Let’s start at the beginning. What exactly is a data lake?
Here’s how Gartner defines it: ”…enterprise-wide data management platforms for analyzing disparate sources of data in its native format…” Basically, a data lake is a collection of data from multiple sources that is loaded into a central repository in its native format. Ok, so what is it good for?
Because the data in the lake is “raw”, it is best suited for data scientists to use when attempting to train models, uncover trends, and such. The data lake is not a good solution for organizations seeking to track promotion performance, identify the most valuable customers, track performance against enterprise goals, etc. This type of analysis requires integrated, cleaned and conformed data. Try a little experiment to prove it to yourself: Connect to your organization’s ERP system and start digging through the hundreds or thousands of tables to see how quickly you can produce a quarterly budget versus actual report. If you have additional ERP systems or other data sources you need for your analysis the problem gets even more difficult to say the least.
In other words, while a data lake and a data warehouse may both be fed from the same data sources, their use cases differ greatly. One does not replace the other, and both are very useful. The term data lake may be new, but the concept is quite old. Often data warehousing includes an initial staging point which could be considered a data lake. This data is not conformed, not integrated, and typically not trimmed. It is raw data that could be useful to skilled data scientists, but it is far less useful to the typical business analyst and nearly worthless to the non-technical manager. Even with a strong knowledge of SQL it will take countless hours to join, organize and conform the data into data structures that accurately represent operations and can be used for analysis.

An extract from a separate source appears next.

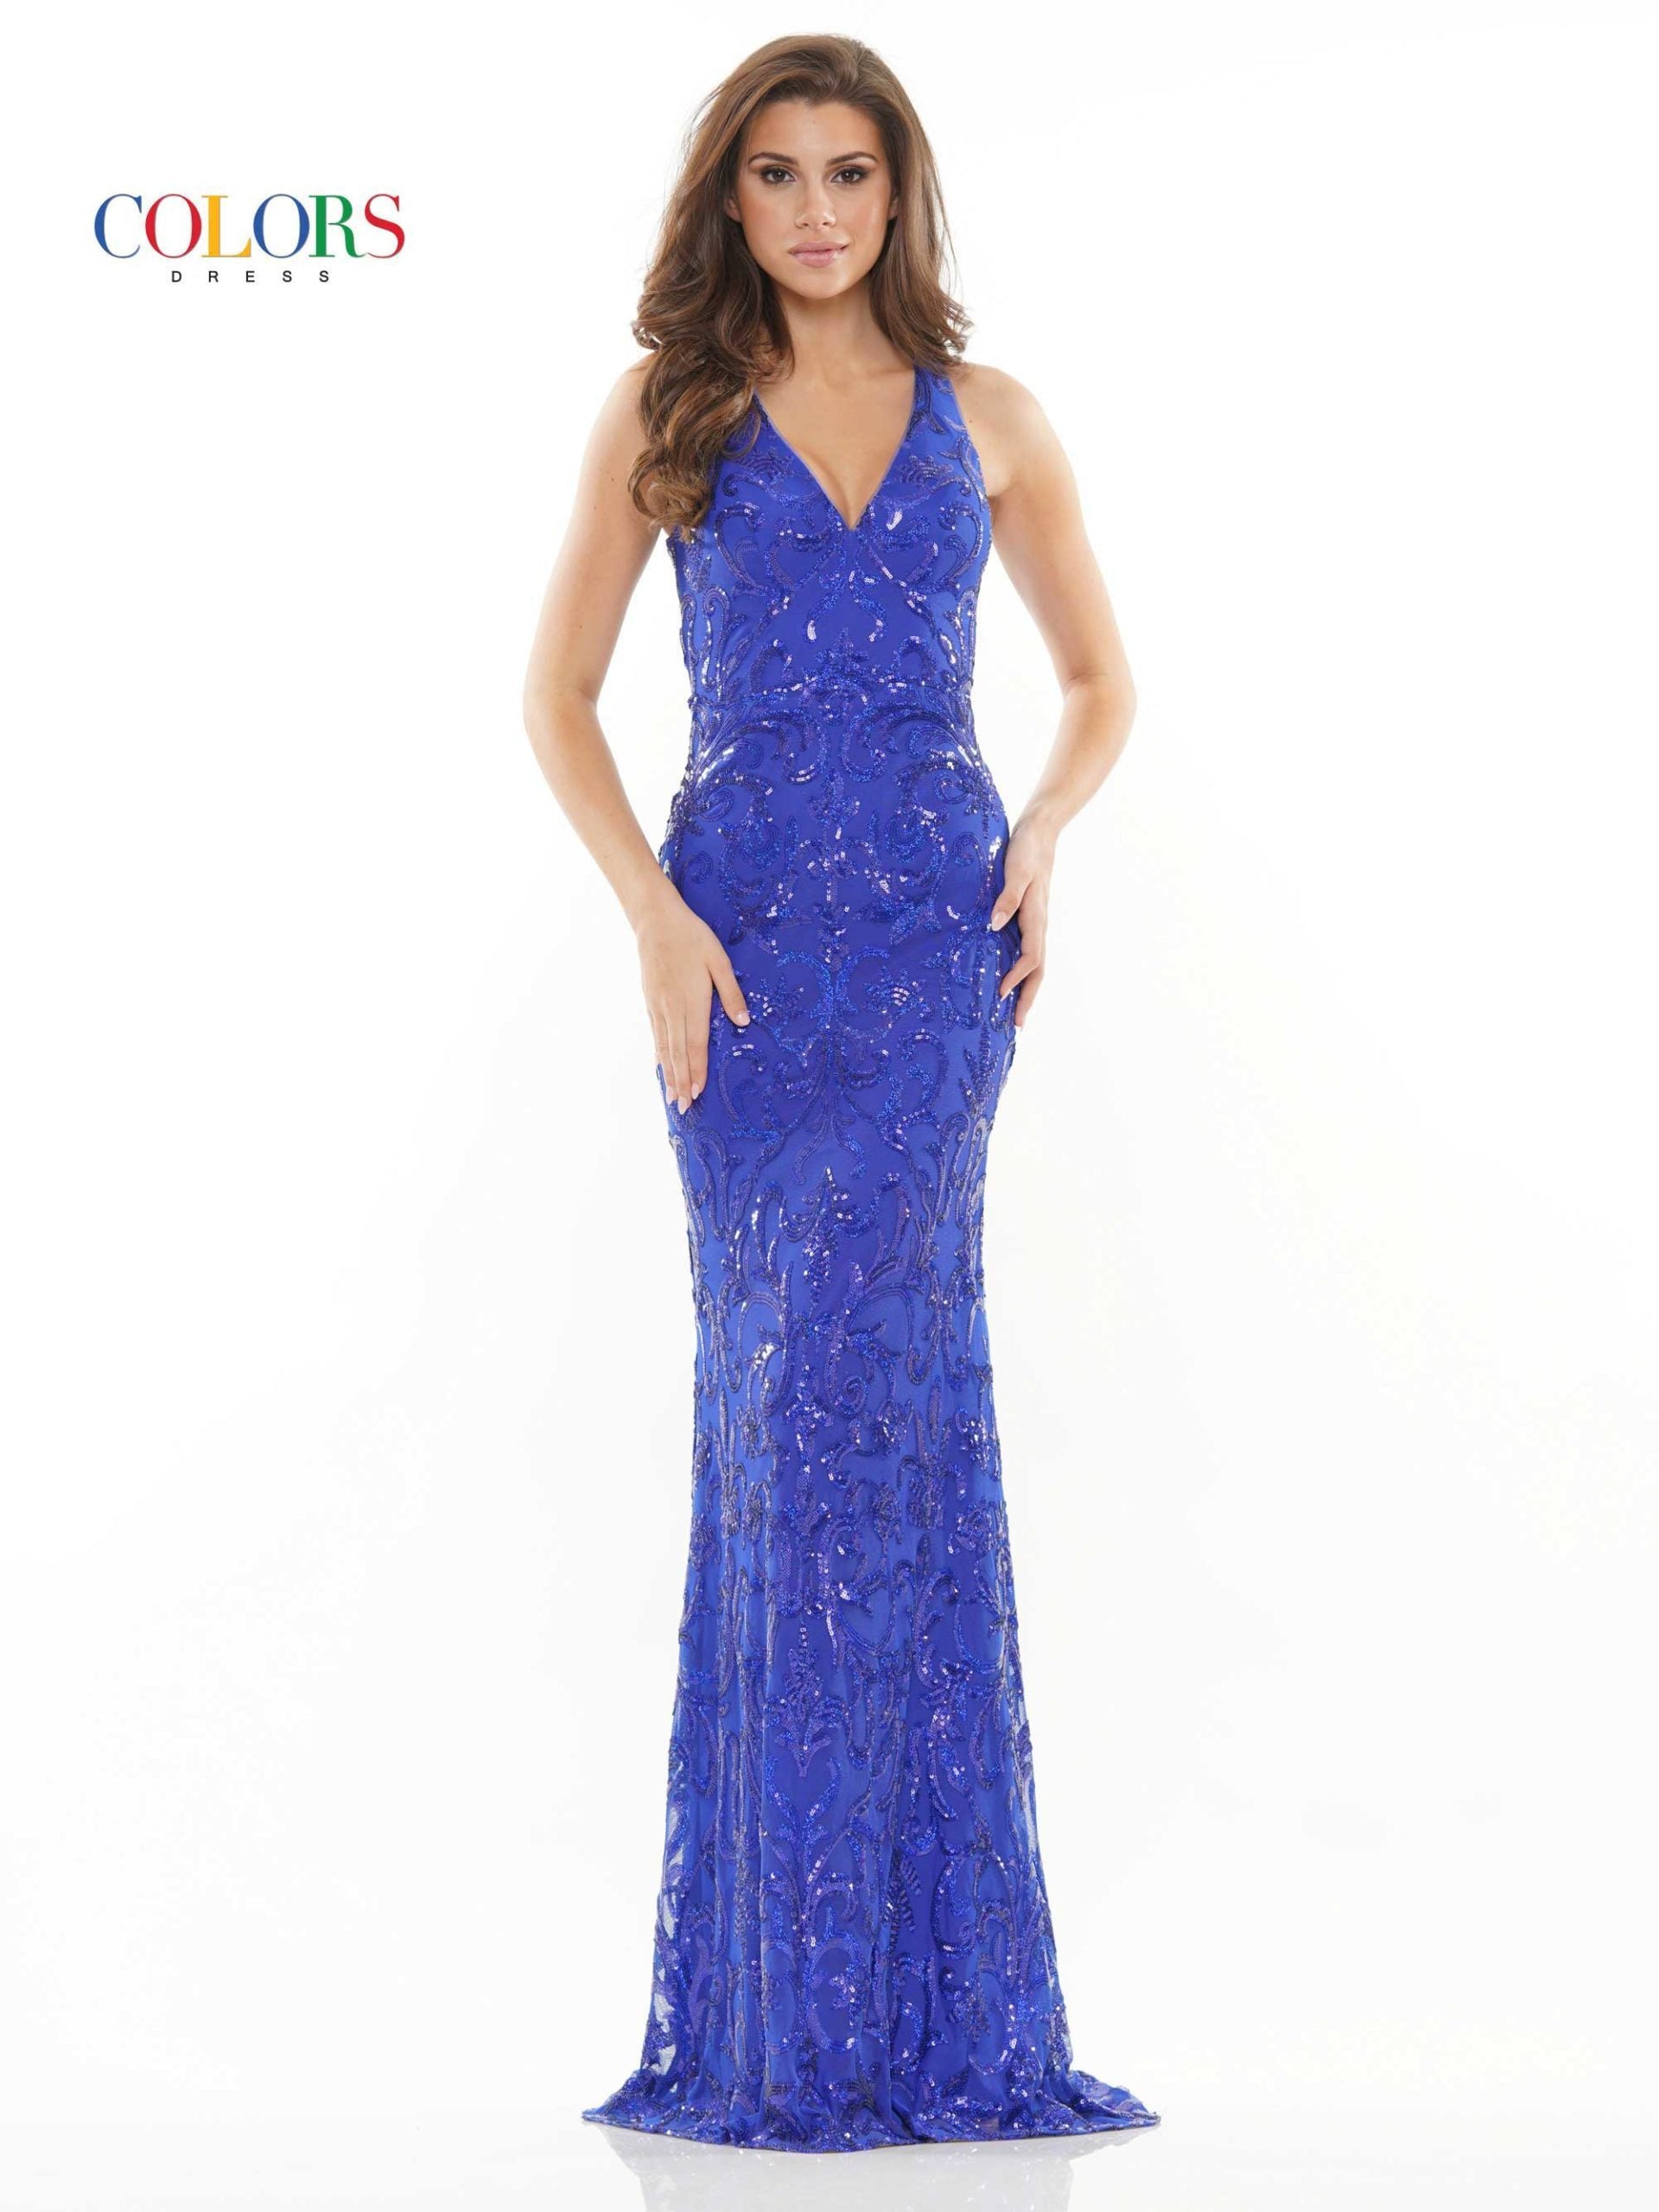 Colors 2520 Long Fitted Sequin Prom Dress Open Back Pageant Gown V Neckline 47″ Patterned sequin jersey dress with V neck, fitted skirt and cross back detail  Available Sizes: 2-24  Available Colors: Wine, Royal, Off White, Black

In summary, data lakes can be a valuable resource for organizations looking to conduct advanced statistical analysis on huge volumes of data, but they aren’t a replacement for data warehouses. Sure, you could use a data lake to create an accurate EBITDA by business unit, but to do so you will need to first figure out how to integrate & conform the source data, essentially the same steps you go through to create a data warehouse, only your resulting solution will be single-use whereas a data warehouse is an automated solution that remains up-to-date..